The Guardian Jumps On YouTube Footy Bandwave

Several weeks ago, the Premier League and the company they employed named NetResult came down hard on the owner of 101greatgoals blog with a threatening letter warning the blogger to remove links to goal highlights on YouTube.The blogger ignored the demands and has continued linking to highlights of football action. Now, in an interesting twist, The Guardian blog has written an article about some of the best sporting moments and included several links to YouTube. Plus it has encouraged readers to submit their own favorite links (as this blog entry was written, The Guardian had 125 comments from the public).To view the Guardian’s YouTube highlight collection, go here.But the question for the Premier League and NetResult is whether they have a double standard. Do they purposefully threaten bloggers but not apply the same policies to large media organizations such as The Guardian?Of course, the whole thing is silly because there’s no way to police the videos on YouTube. The only way for the Premier League and NetResult to control the issue of unlicensed Premiership video highlights being available on YouTube is to threaten YouTube. And even if YouTube can find a way to limit the videos, there are always hundreds of other similar video sites out there.
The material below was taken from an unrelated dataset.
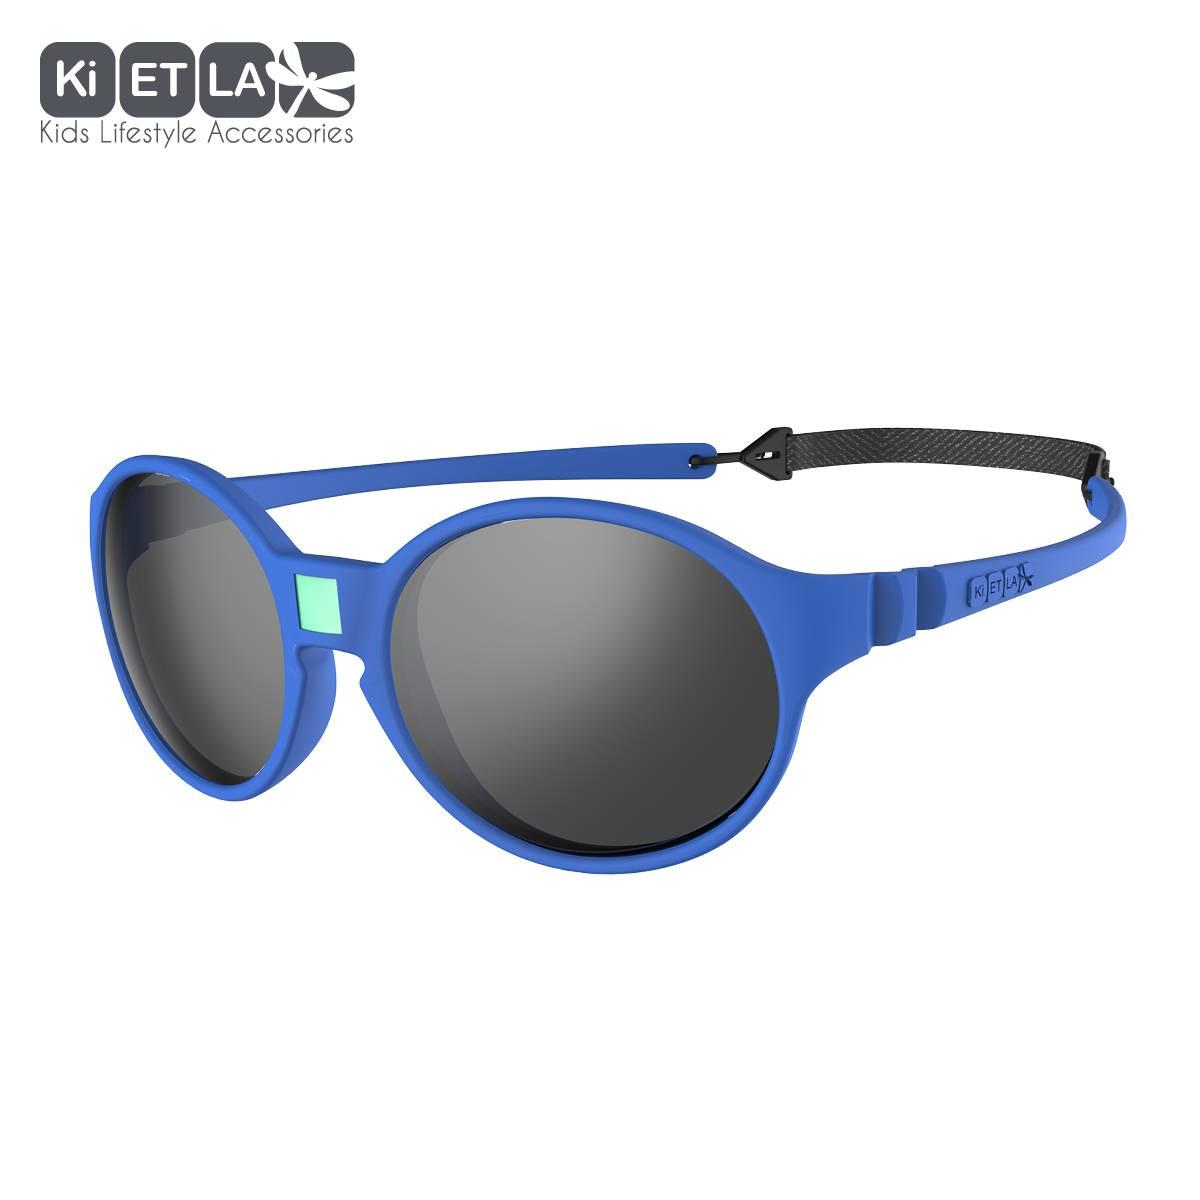 dbb7f8f1ce Découvrez toute la gamme de lunette de soleil bébé Ki Et LA à ...

2 thoughts on “The Guardian Jumps On YouTube Footy Bandwave”

  1. The sure fire way to “control” video highlights on the web would be for the EPL to put free video highlights on their own site. They could make money from advertisements on the site so it would be win-win for them.

    Do you really think a bunch of folks will take the time to digitize highlights if they could simply link their friends to the EPL site to watch a goal clip they wanted to share?

    I’ve posted dozens of soccer highlights on the web over the last couple of years, but I have never digitized an MLS match highlight and posted it…why?…because MLSNet provides their fans with free highlights packages on their own site.

    Most internet users are lazy. It the highlights were up on the EPL’s site, they wouldn’t have to pay some other company to act as their net cop.

    You can’t stop content from being posted on the web, but if proactively post it yourself, you can have some modicum of control over how it is presented.

  2. Hi,

    I think I am right in saying that as of next season the BBC will be showing Match of the Day over their internet service, which at last a step in the right direction.